MATERIAL SHOWN:
------------------------------------------------------------
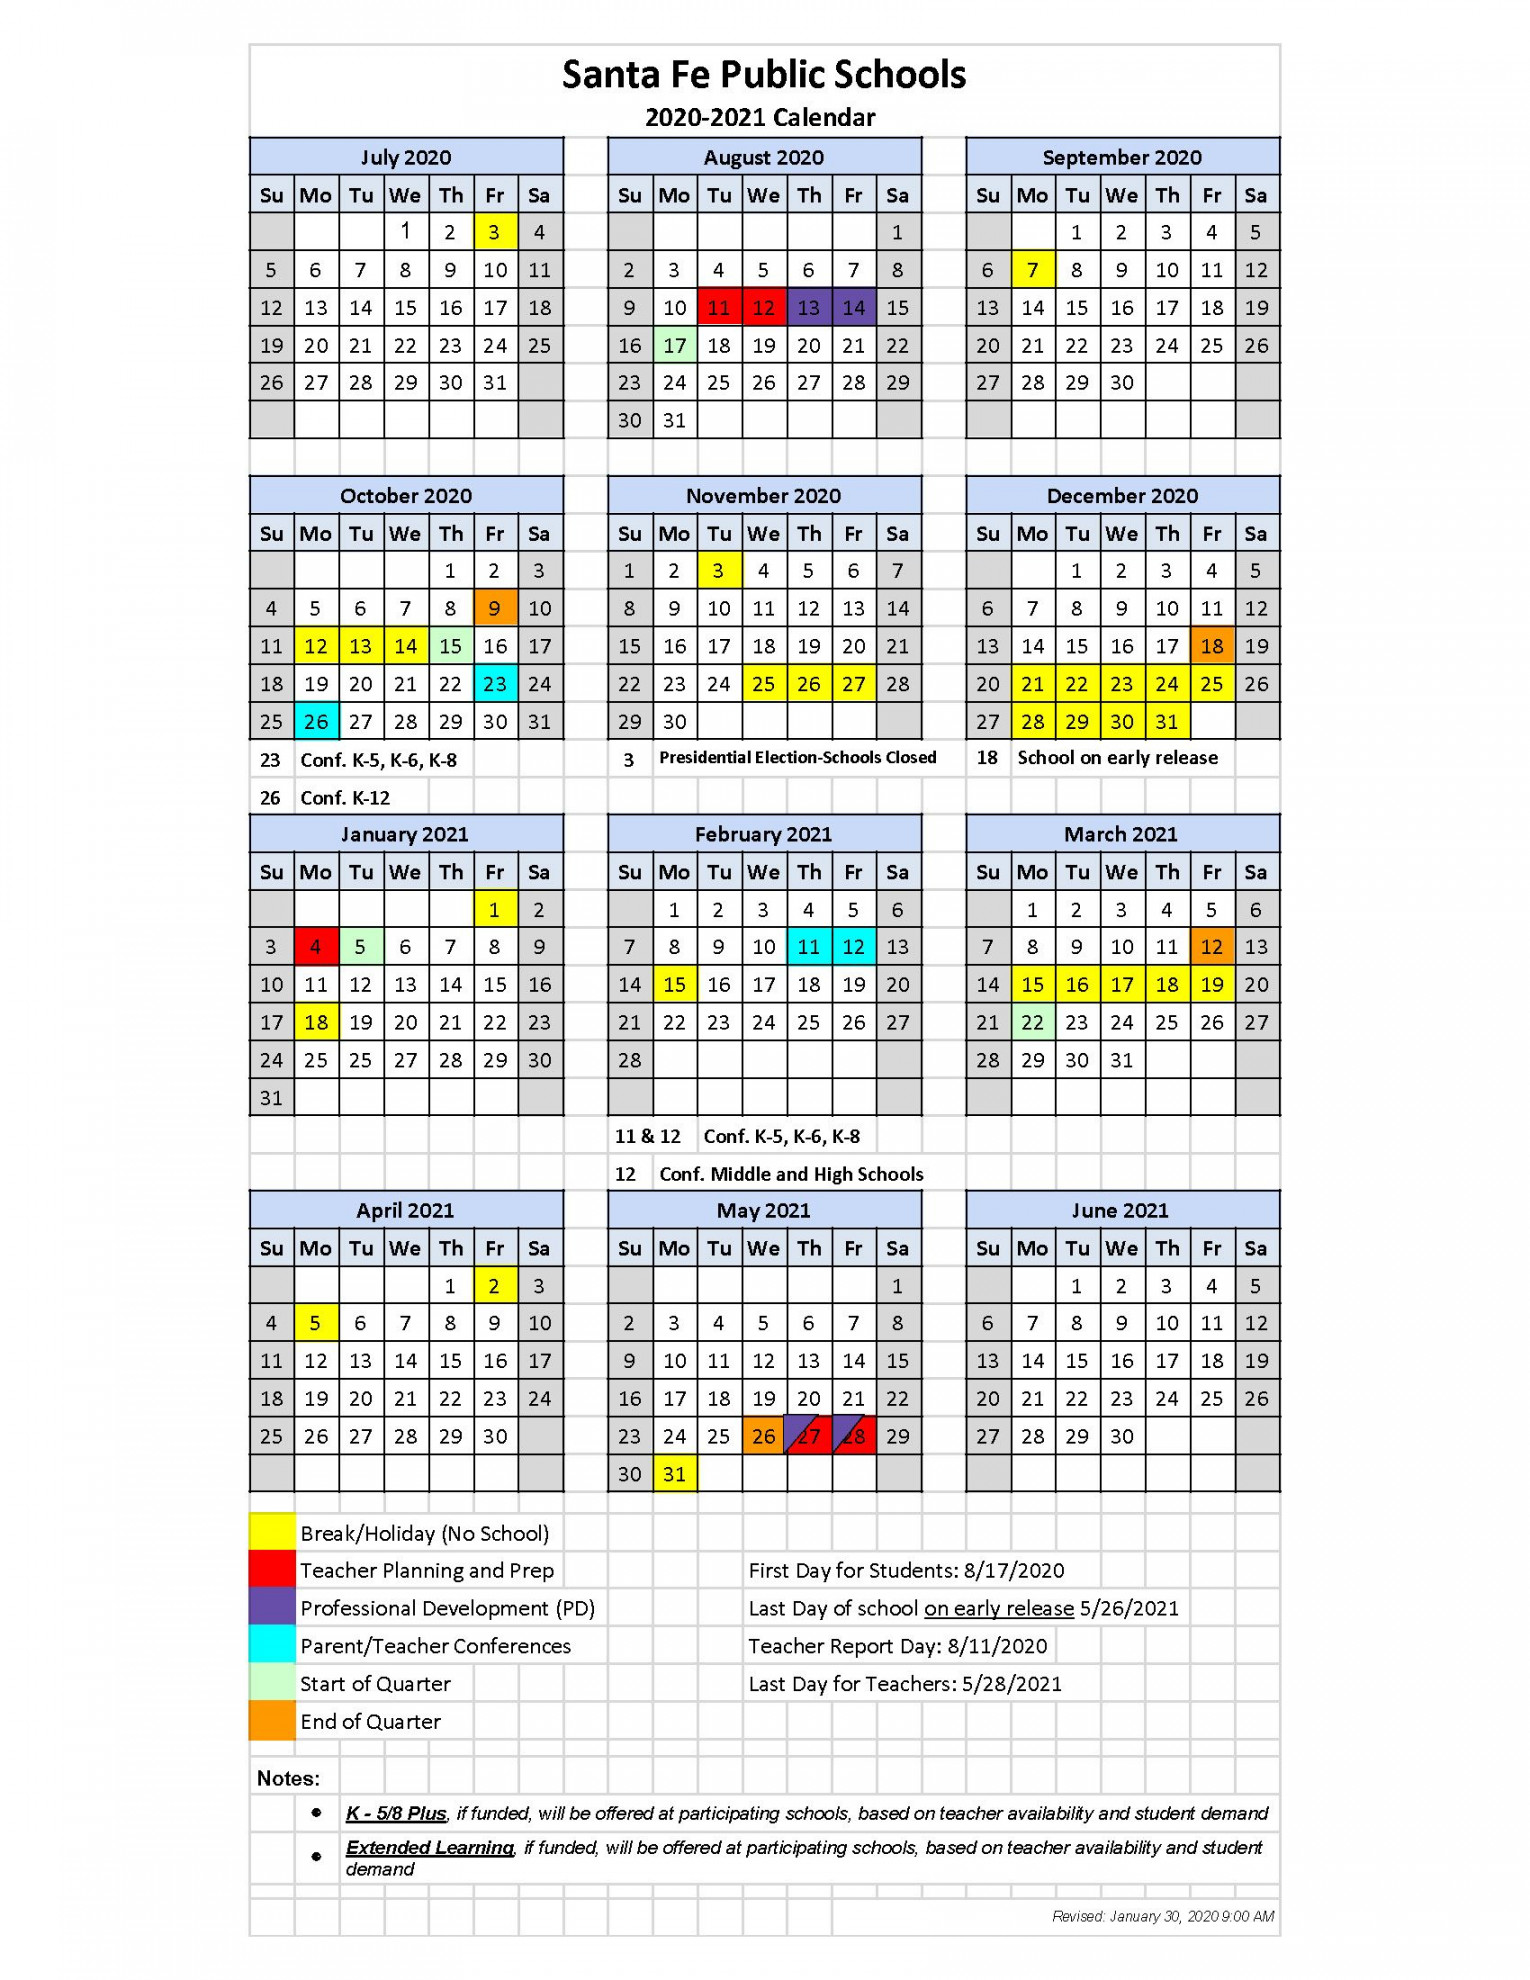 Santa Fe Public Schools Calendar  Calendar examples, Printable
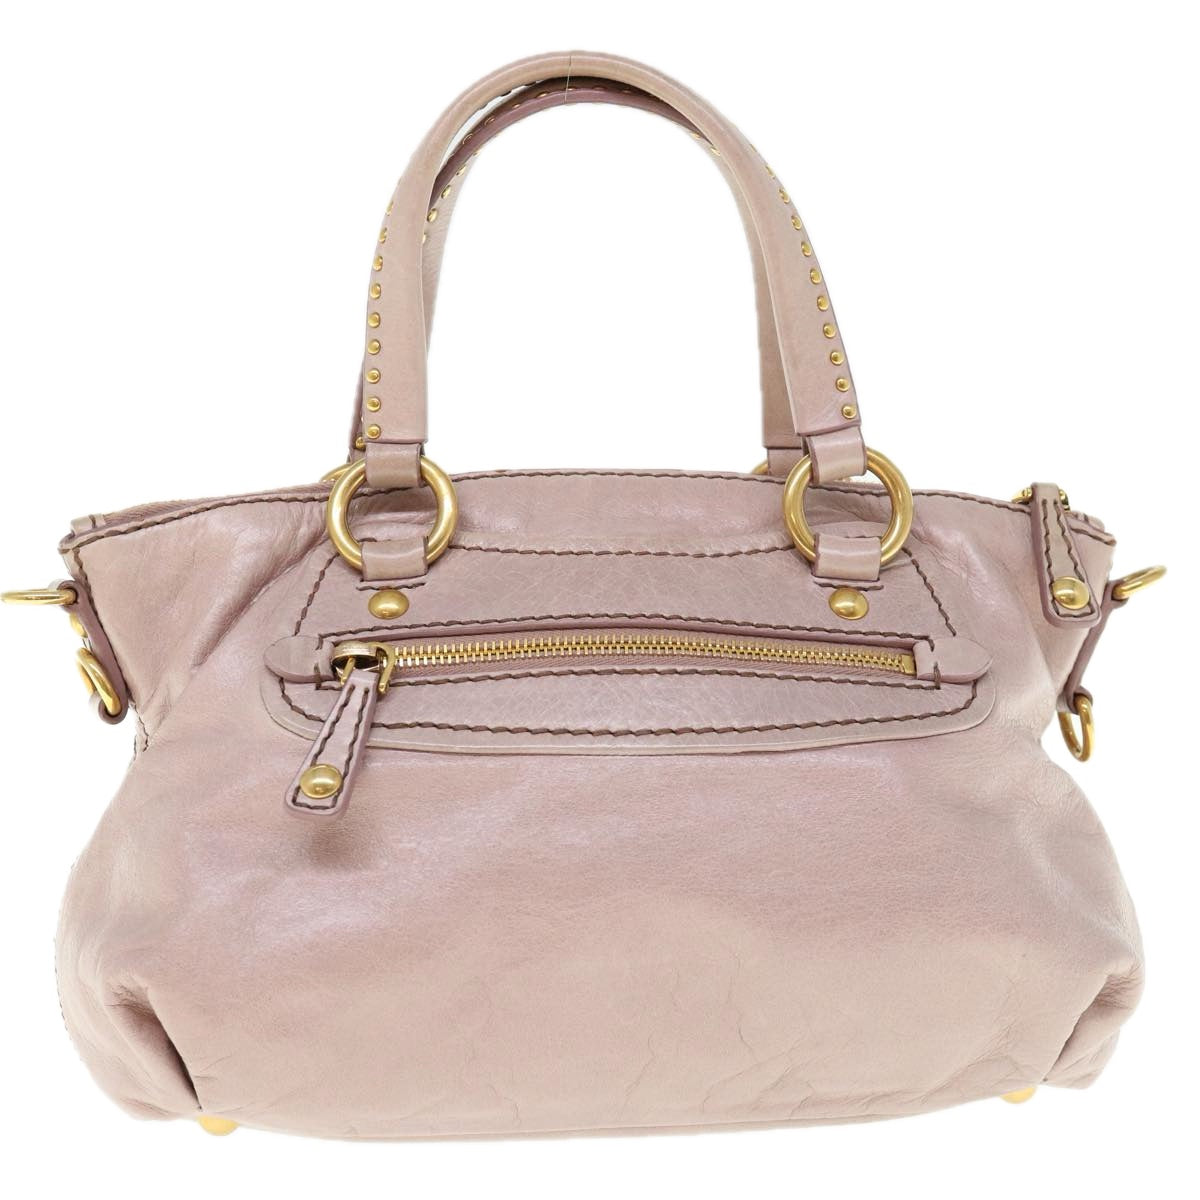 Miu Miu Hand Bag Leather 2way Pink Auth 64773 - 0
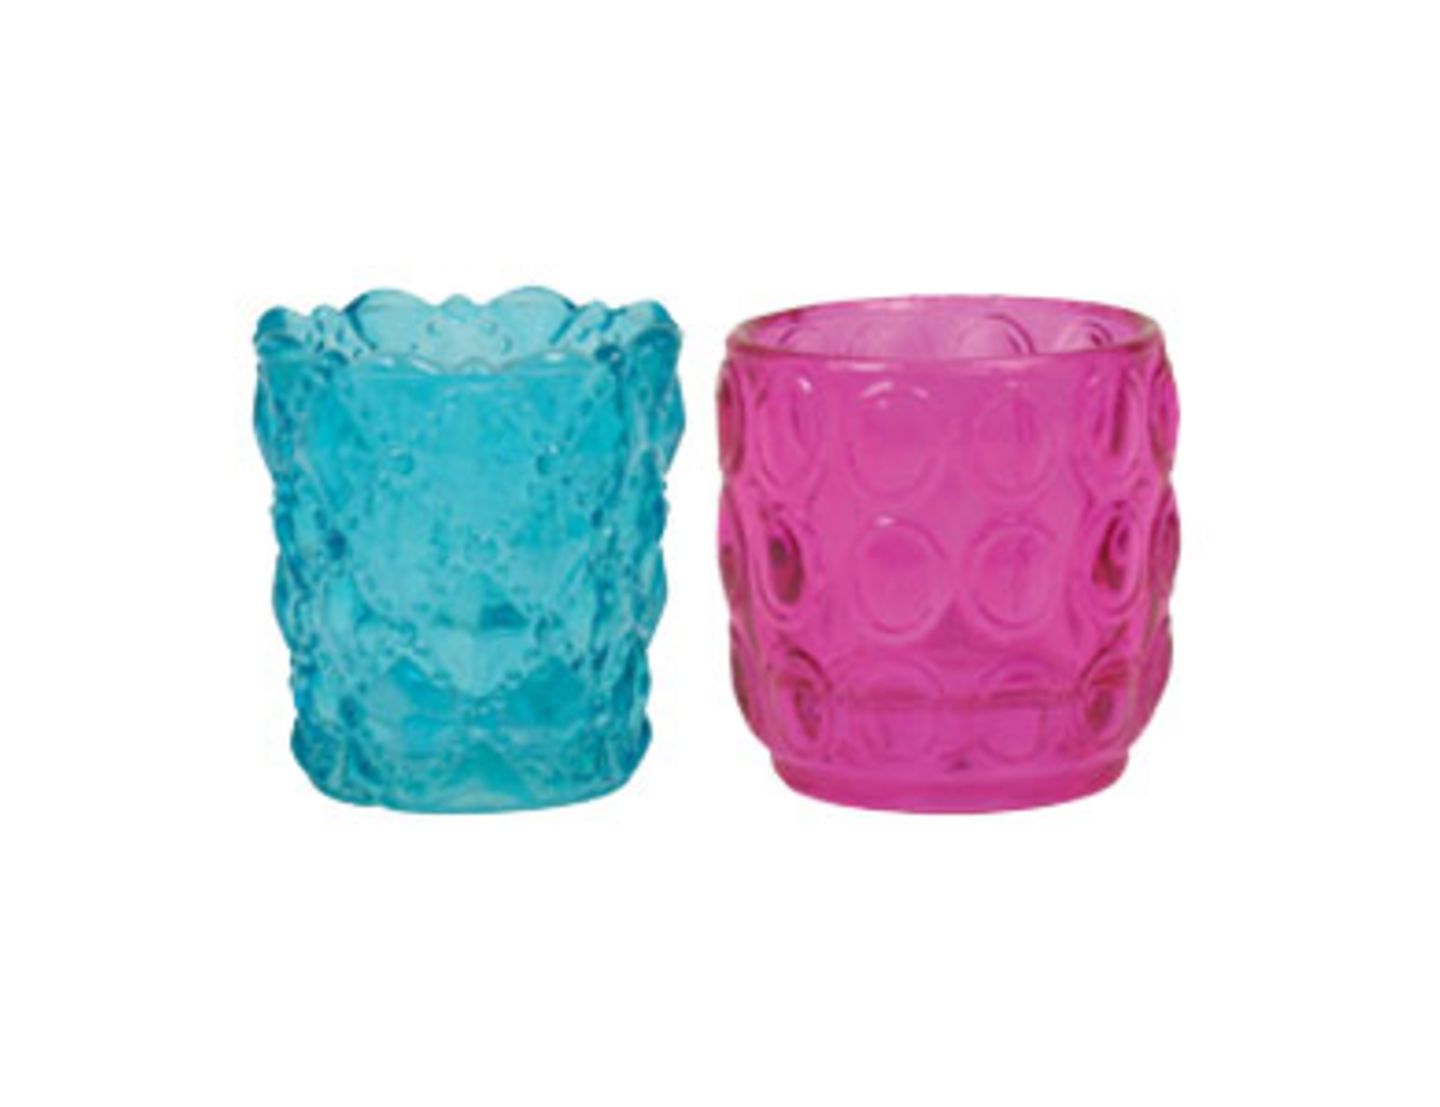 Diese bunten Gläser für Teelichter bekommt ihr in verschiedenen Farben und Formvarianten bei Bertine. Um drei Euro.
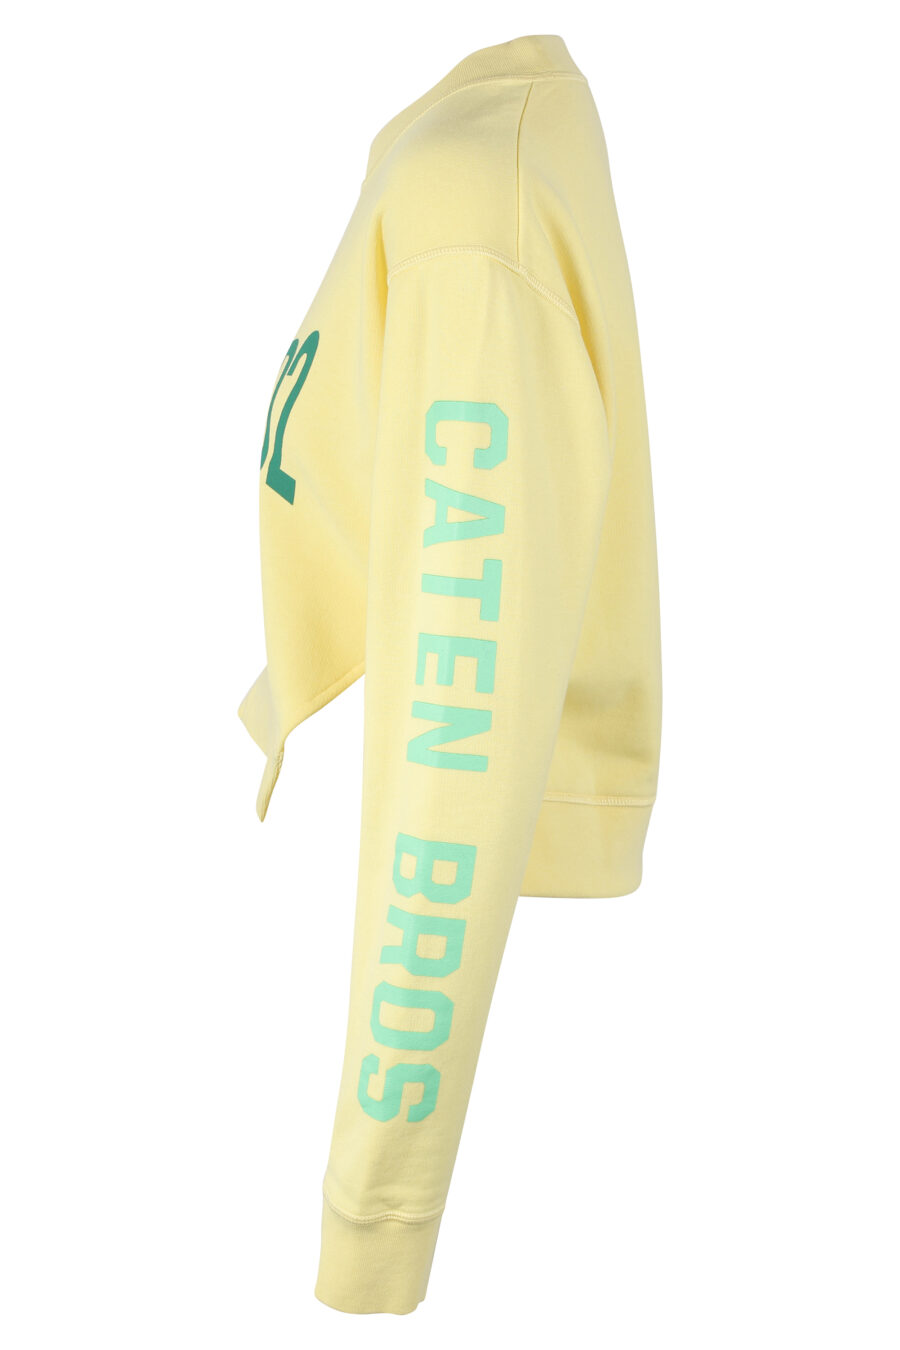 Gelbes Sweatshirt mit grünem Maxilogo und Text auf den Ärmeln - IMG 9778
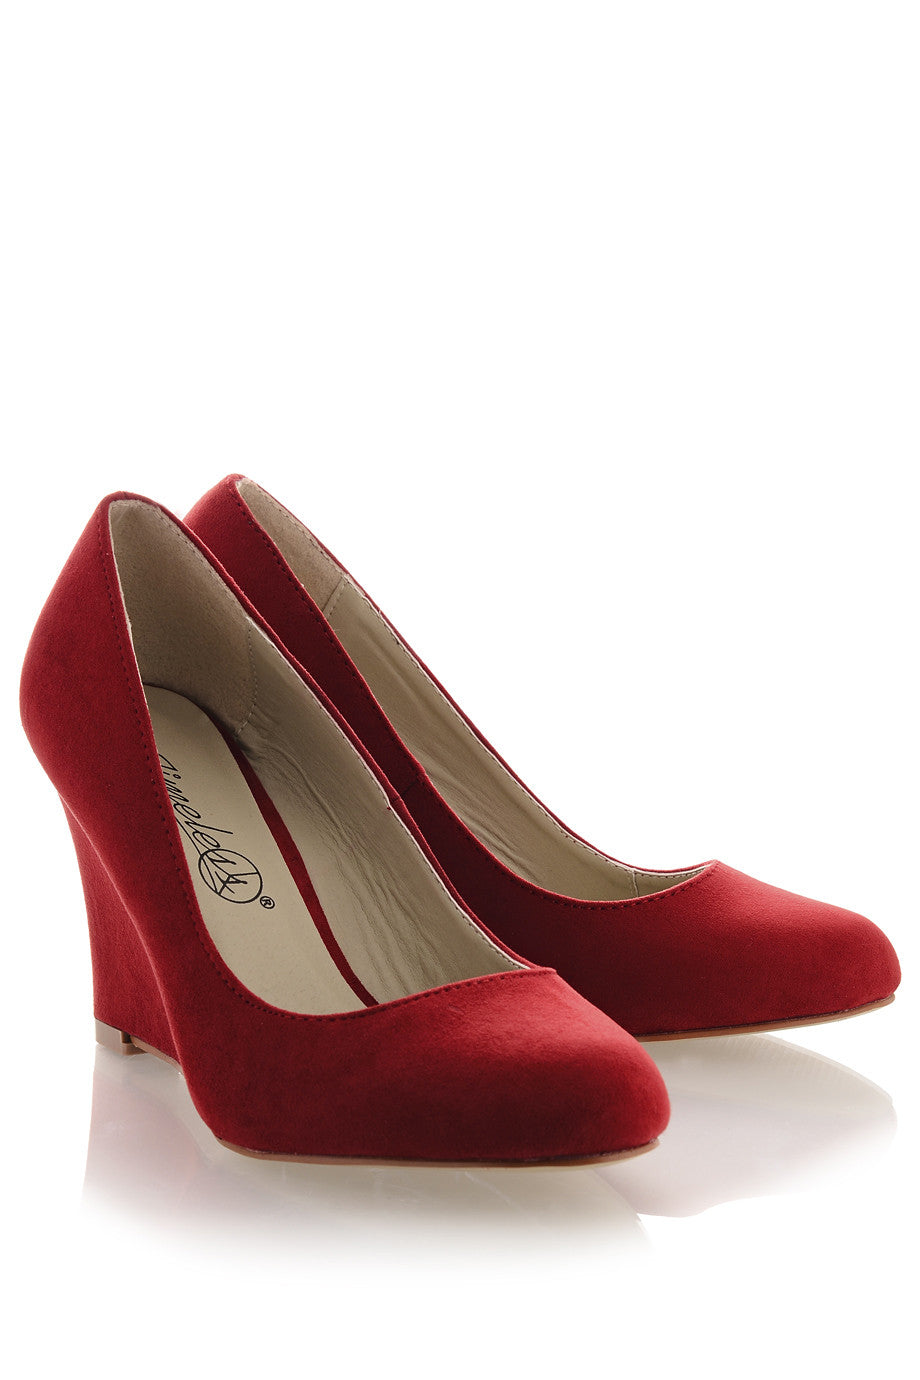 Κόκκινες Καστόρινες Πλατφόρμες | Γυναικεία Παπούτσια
------------------------------------------------------------
TASK TO COMPLETE: In the answer, include exactly the lines from the top of the entries through the line containing "Gelbes Sweatshirt mit", and nothing else, not even the pictures.

SOLUTION:
 Santa Fe Public Schools Calendar  Calendar examples, Printable
 Miu Miu Hand Bag Leather 2way Pink Auth 64773 - 0
 Diese bunten Gläser für Teelichter bekommt ihr in verschiedenen Farben und Formvarianten bei Bertine. Um drei Euro.
 Gelbes Sweatshirt mit grünem Maxilogo und Text auf den Ärmeln - IMG 9778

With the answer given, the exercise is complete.